Parashat Vayeshev
Genesis 37:1-40:23
Parenting is never easy, but one cardinal rule of parenting is to not play favorites. Favoritism leads to a sense of entitlement on behalf of the favored and resentment on behalf of the unfavored. The parent, too, suffers in the long term as the unfavored children bear a grudge and distance themselves from the parent who didn’t love them fully. While it is tempting to tip the scale of affection toward one child for many reasons, parents must avoid going there lest they sew the seeds of ill will for years to come. Don’t believe me? Ask our patriarch Jacob.
Jacob fell into the trap. Jacob is the father who “loved Joseph best of all” and gifted Joseph with an ornamented tunic, the “amazing technicolor dreamcoat” made famous by Andrew Lloyed Webber. Both father and son paid a heavy price because of Jacob failed to show his other eleven sons the same affection he showed to Joseph. Joseph becomes full of himself, flaunting his dreams of triumph to his brothers adorned in his beautiful coat. As a result, his brothers conspired to kill him, but instead sell him into slavery, and then they dip Joseph’s coat in the blood of a slaughtered goat and have their father believe that Joseph was devoured by wild beasts. Imagine the pain they caused Jacob until the truth comes out years later.
Why did Jacob make the mistake of lavishing Joseph with such affection before his siblings? Rashi, the preeminent medieval commentator suggests two reasons. The first is actually found in the Torah itself: Joseph was “the child of his old age.” Moreover, Joseph was the son of Rachel, the favored wife, and was born to Rachel after years of being unable to conceive. Interestingly, Joseph was not the youngest of the sons; Benjamin was. Perhaps it is for this reason that Rashi goes on to offer a second reason why Joseph was the favorite one: Joseph reminded Jacob of himself. He looked like Jacob in his “spiritual essence” (The Stone Edition ArtScroll Chumash), if not in physical appearance as well.

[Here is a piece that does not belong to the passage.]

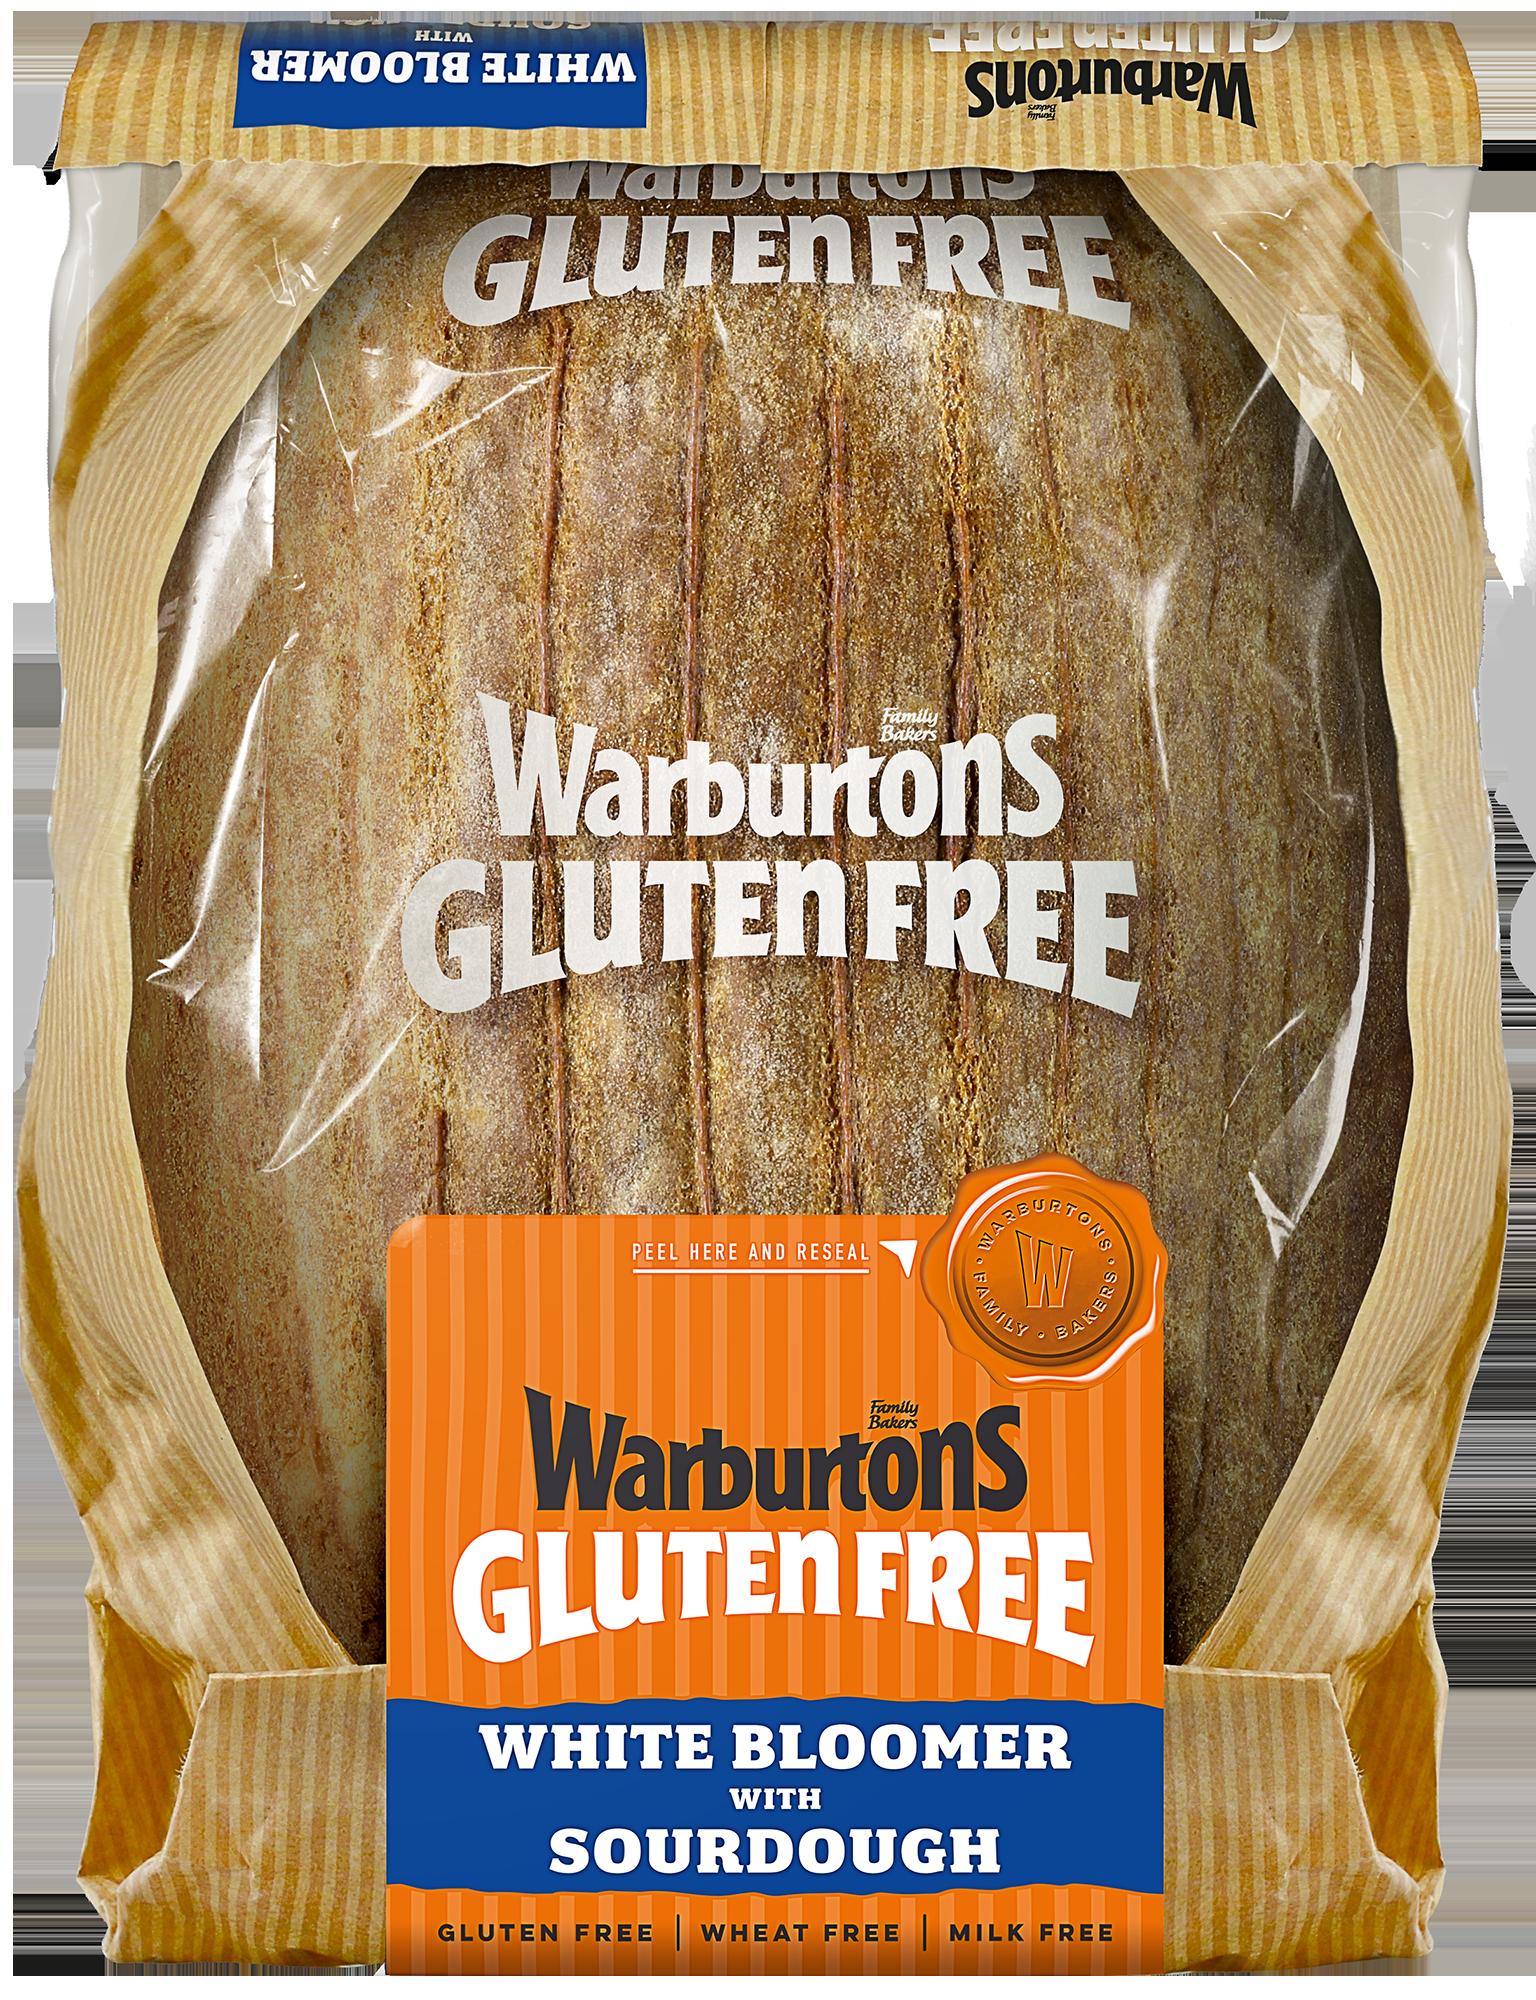 Warburtons White Bloomer with Sourdough (GF)

Joseph was special in many ways, and Jacob couldn’t restrain himself from revealing his preference for this son over all the others.

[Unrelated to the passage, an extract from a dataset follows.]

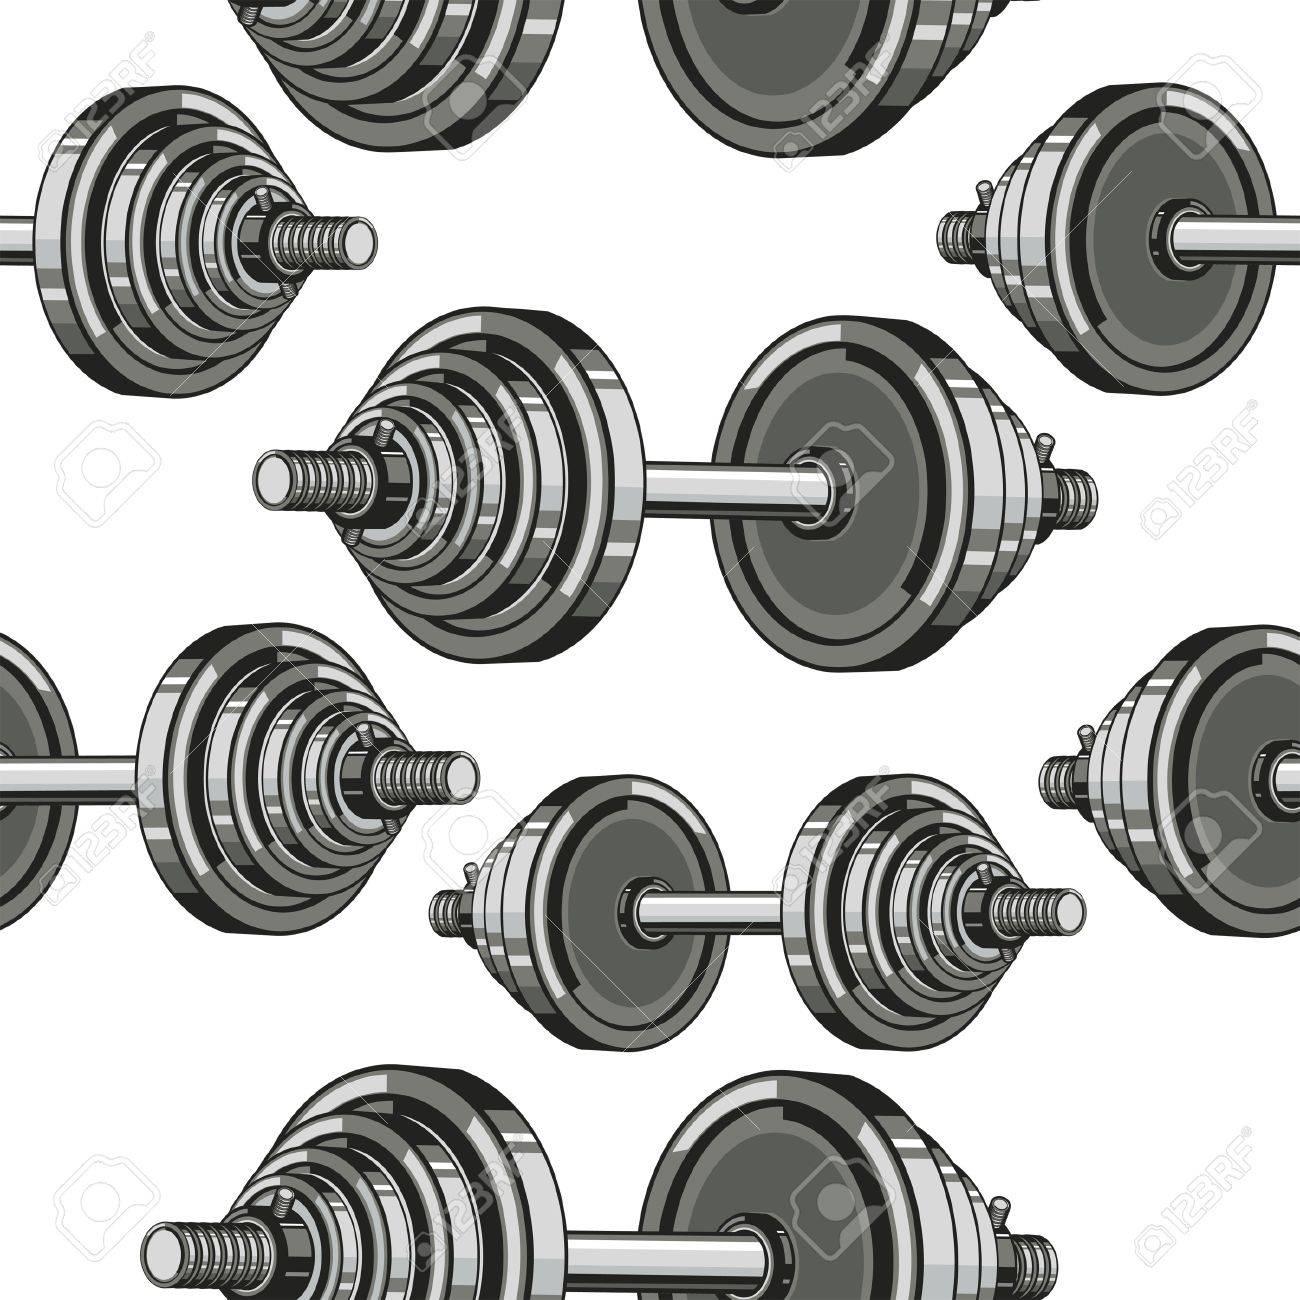 Dumbbells Seamless Pattern. Vector illustration Stock Vector - 18759040

I am taken with the idea that Joseph “looked” like Jacob because earlier in Genesis (1:27) we read that “God made the human in God’s image. In the image of God, God created the human, male and female God created them.” When we read that God created humankind in God’s own image, we are to acknowledge that God’s image is both infinitely varied and without form. We are also to imagine that God shows abundant love to all human beings. God doesn’t play favorites, even though all of humanity is made in God’s image. Maybe we are all God’s favorites because we all resemble God. Perhaps it was inevitable that Jacob would love the one who resembled him the most. Unfortunately, Jacob had other children who didn’t resemble him as much and they weren’t loved as Joseph was.
What if Jacob could have loved all his children as God loves all God’s children? What if Jacob could have seen sparks of himself in all the children, or even elements of his being that never came to the fore, potentiality that laid hidden? When it comes to loving all our children equally, that may be the key: love as God loves and when we can’t see our image in our children search to find ways in which our children resemble pieces of us that never saw daylight.
On this Shabbat, as we begin to read the story of Joseph, let us be mindful of how we love all our fellow beings and strive to love in a Godly way, without playing favorites.